While both standards share the same core principles—airtightness, continuous insulation, high-performance windows, thermal bridge-free design, and balanced ventilation—they differ in their specific targets and climate-related methodologies.
- Energy Targets: As noted earlier, our research found that the PHI Passive House standard resulted in the lowest overall site energy for heating and cooling across the 50 projects studied. Phius performed well and very similarly to the PHI Low Energy Building standard.
- Airtightness: While both have strict requirements, PHI’s primary metric is based on the building’s surface area (q50), while Phius uses a metric based on volume (ACH50). Each has its advantages depending on the building’s size and shape. Over these 50 projects, Phius’s air tightness requirements averaged to an ACH50 target of about 1.1 (almost twice higher than PHI Passive House target of 0.6 ACH50).

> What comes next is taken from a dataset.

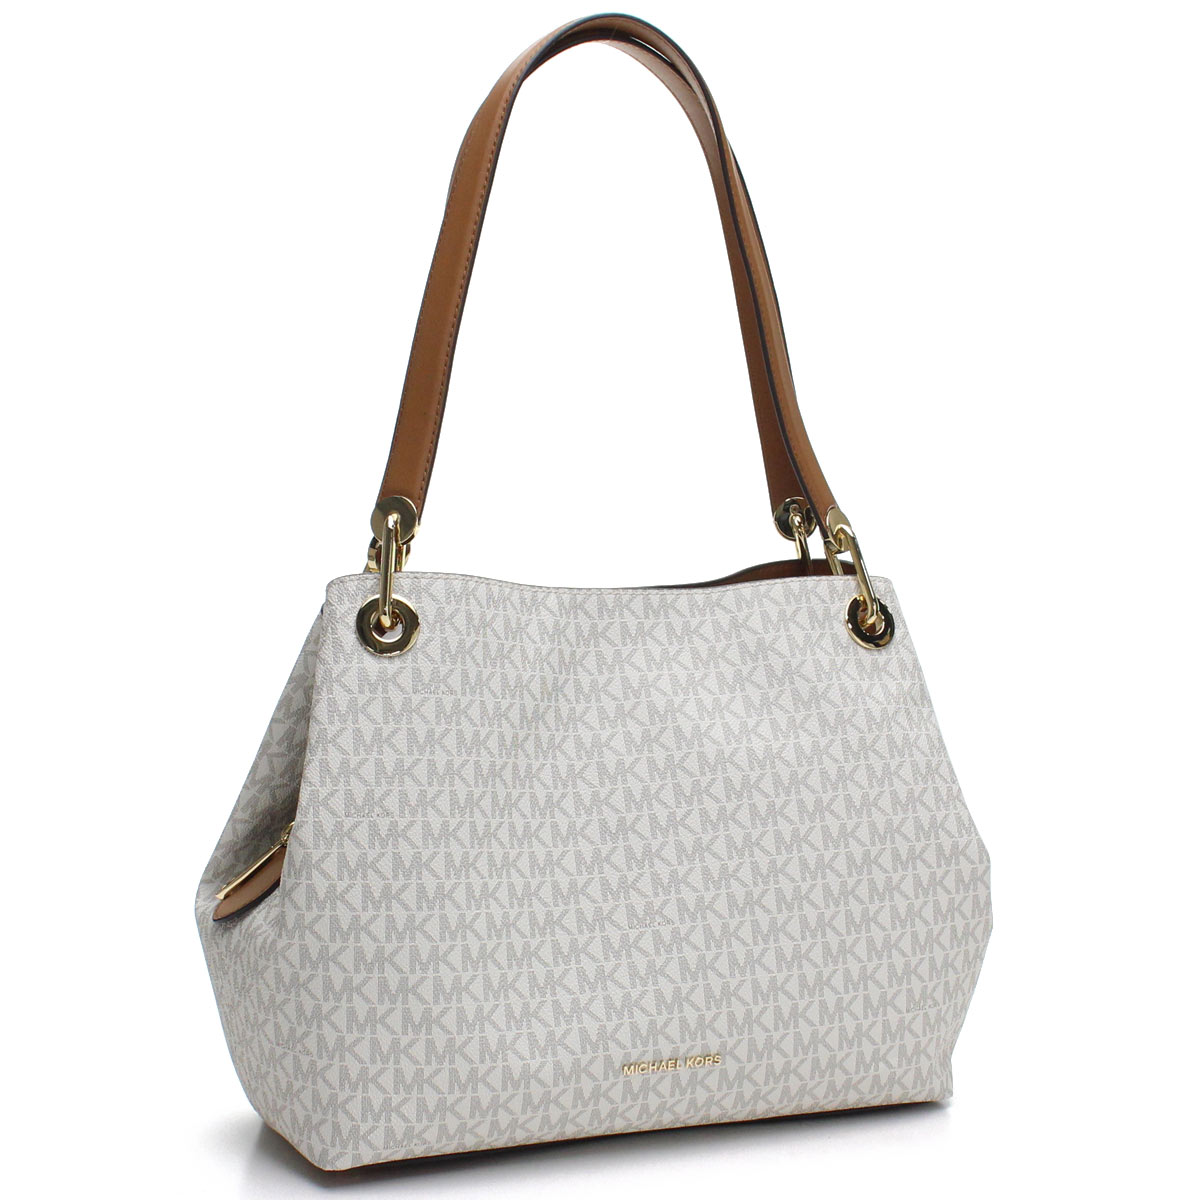 65aff70ce4d0 Bighit The total brand wholesale  Michael Kors MICHAEL KORS RAVEN tote bag  30H6GRXE3V PVC 150 VANILLA white system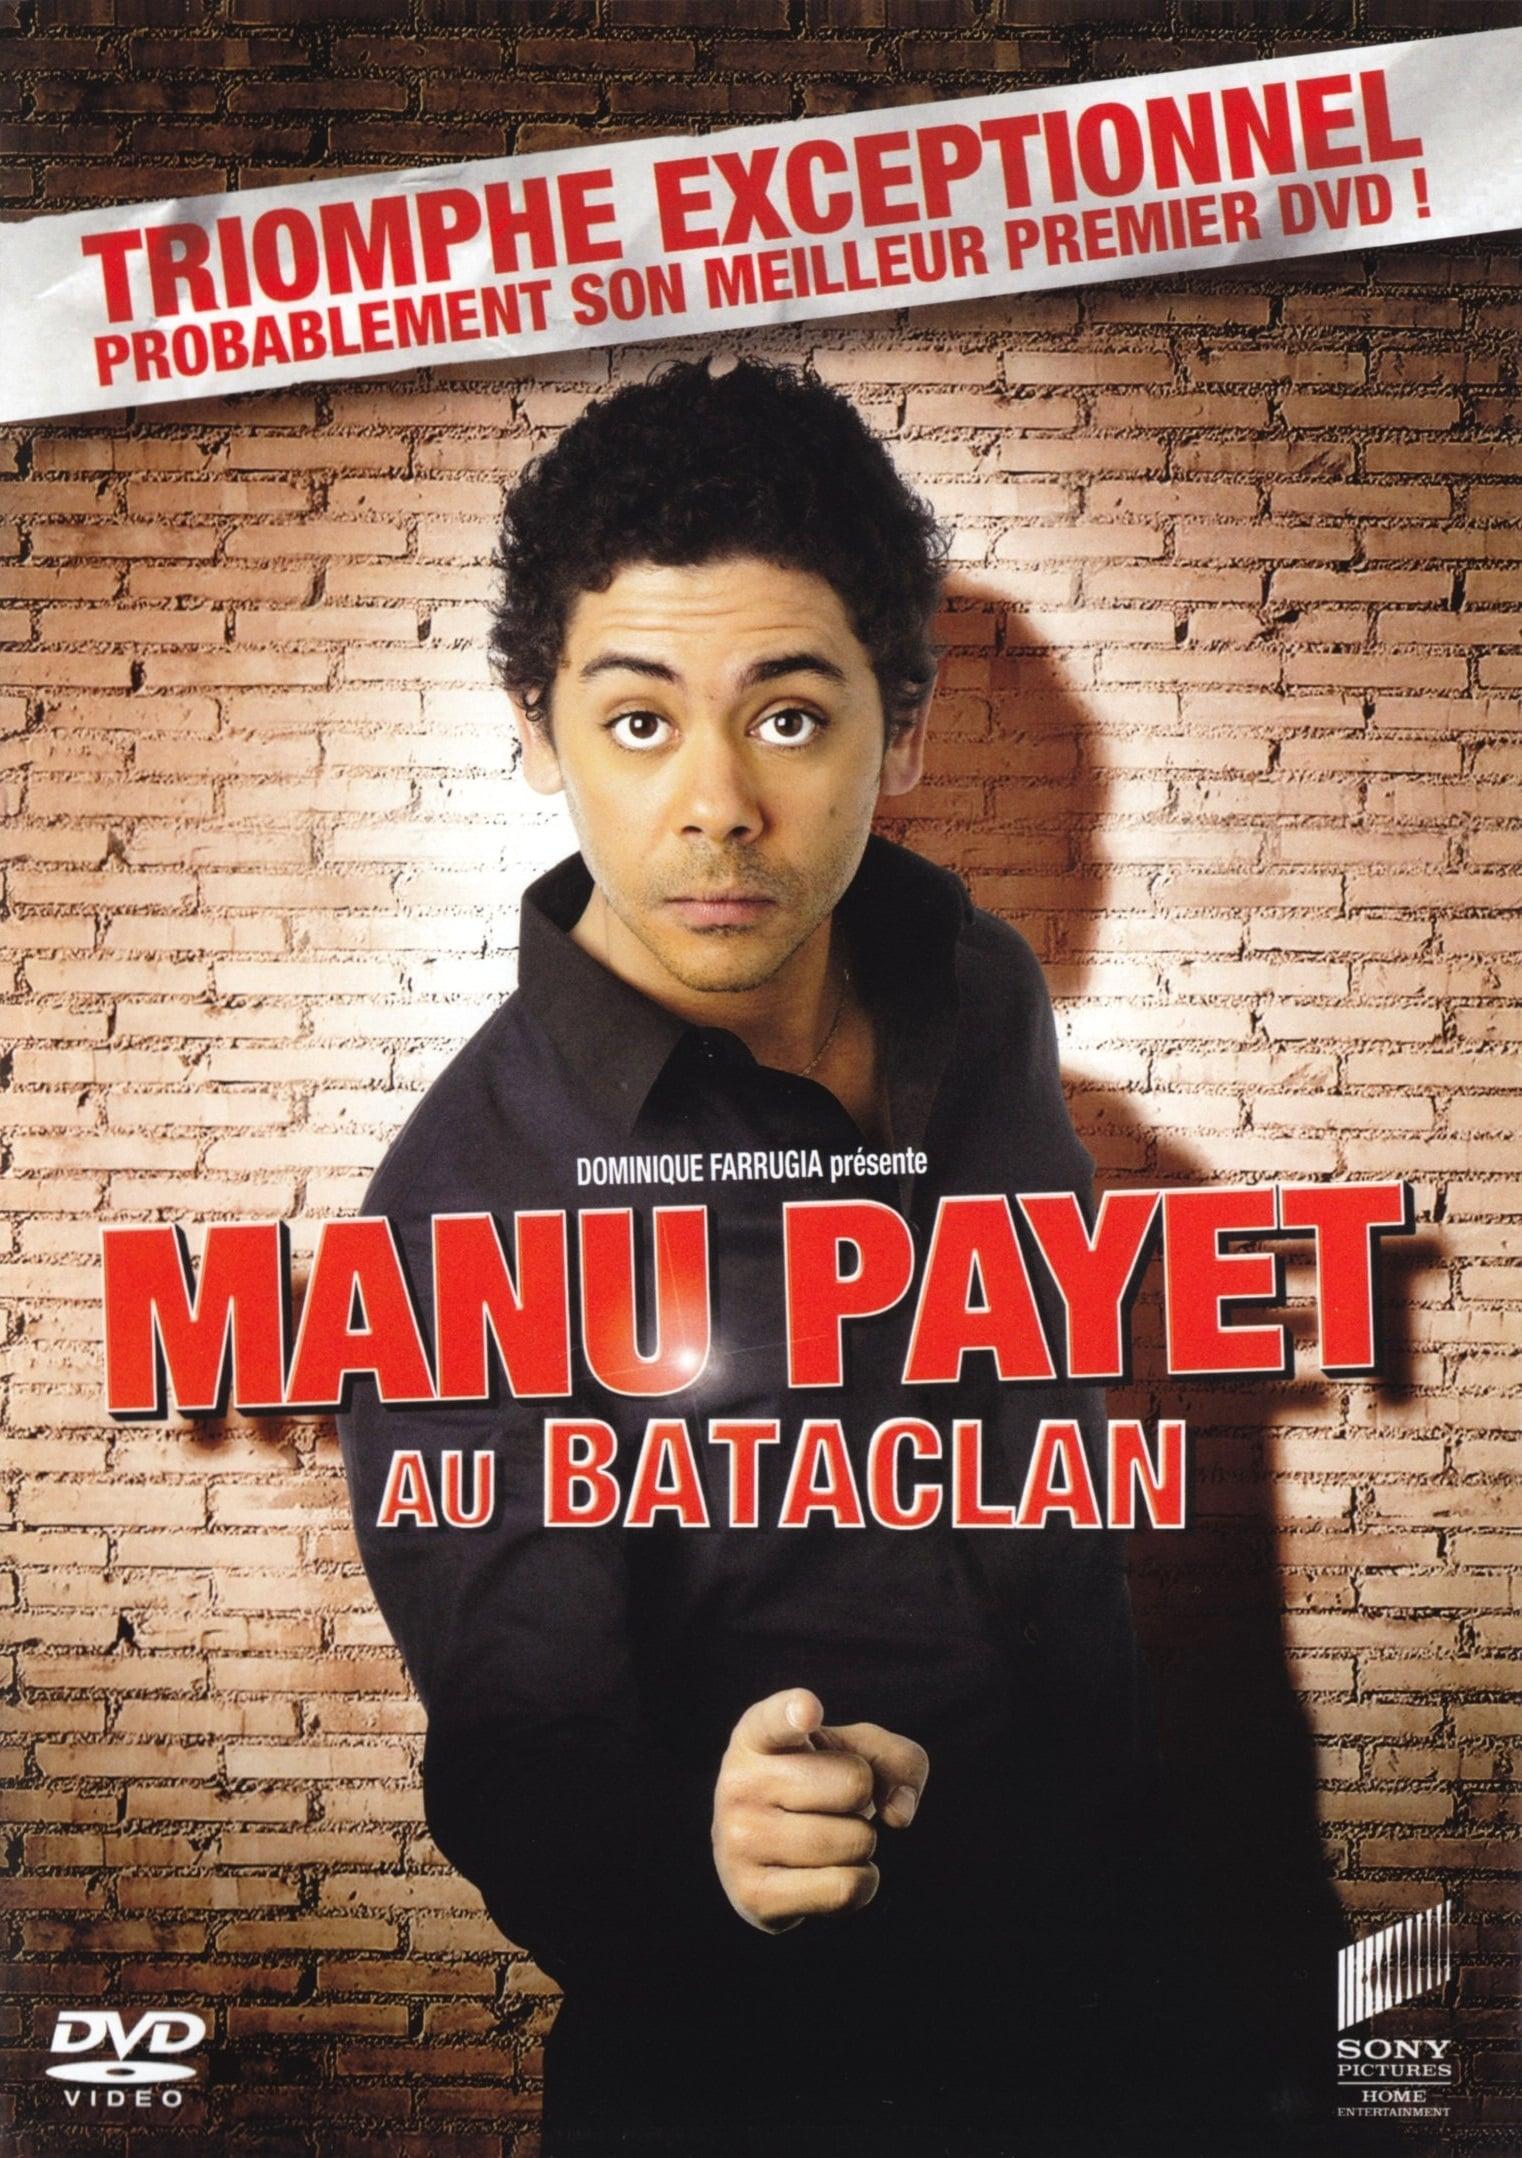 Manu Payet au Bataclan (2008)

Ultimately, both standards produce buildings that are vastly superior to code. The choice between them often depends on project-specific goals, climate, and team familiarity. Emu Passive’s training provides the foundational building science that empowers builders to excel on projects certified under either standard.
Key Takeaways
This detailed Passive Building Standards Comparison offers several critical insights for anyone involved in designing or constructing buildings today.
- Passive House Standards Outperform All Others: Across every key metric—energy efficiency, indoor air quality, comfort, and resilience—Passive House standards (both PHI and Phius) deliver the highest level of performance.
- Building Codes Are Not Keeping Pace: Modern building codes (IECC) are improving at a very slow rate and fail to deliver the level of performance needed to address climate change and occupant health.
- Performance-Based is Smarter: The performance path offers a more intelligent and resource-efficient way to achieve high-performance goals compared to the one-size-fits-all prescriptive approach. The savings in construction cost outweigh the energy modeling fees.
- Metrics Matter: Judging a standard solely on energy savings is shortsighted. A holistic view that includes comfort, health, and resilience provides a much truer measure of a building’s quality.
Frequently Asked Questions (FAQs)
Q: Which building standard is the best?
A: Based on our comprehensive analysis, the PHI Passive House standard ranked highest across the combined metrics of energy efficiency, comfort, air quality, and resilience. However, both PHI and Phius standards deliver exceptional buildings that are far superior to any other standard we studied.
Q: Is it more expensive to build to Passive House standards?
A: While there can be an initial uplift in cost for higher-quality components (like windows and fresh air systems) and the additional care required during construction, these costs are often offset by a simplified mechanical system and long-term energy savings. Furthermore, a performance-based approach can help optimize material use and reduce costs compared to a prescriptive one.
Q: Can I apply these principles without seeking certification?
A: Absolutely. The building science principles behind Passive House can be applied to any project to improve its performance. Understanding concepts like airtightness and thermal bridge-free design is valuable for any builder, regardless of certification goals.
Q: What is the single biggest difference between a code-built home and a Passive House?
A: While there are many differences, the most impactful is the airtight, continuously insulated building envelope combined with a balanced fresh air system. This combination is the key that unlocks improvements in energy efficiency, comfort, health, and resilience all at once.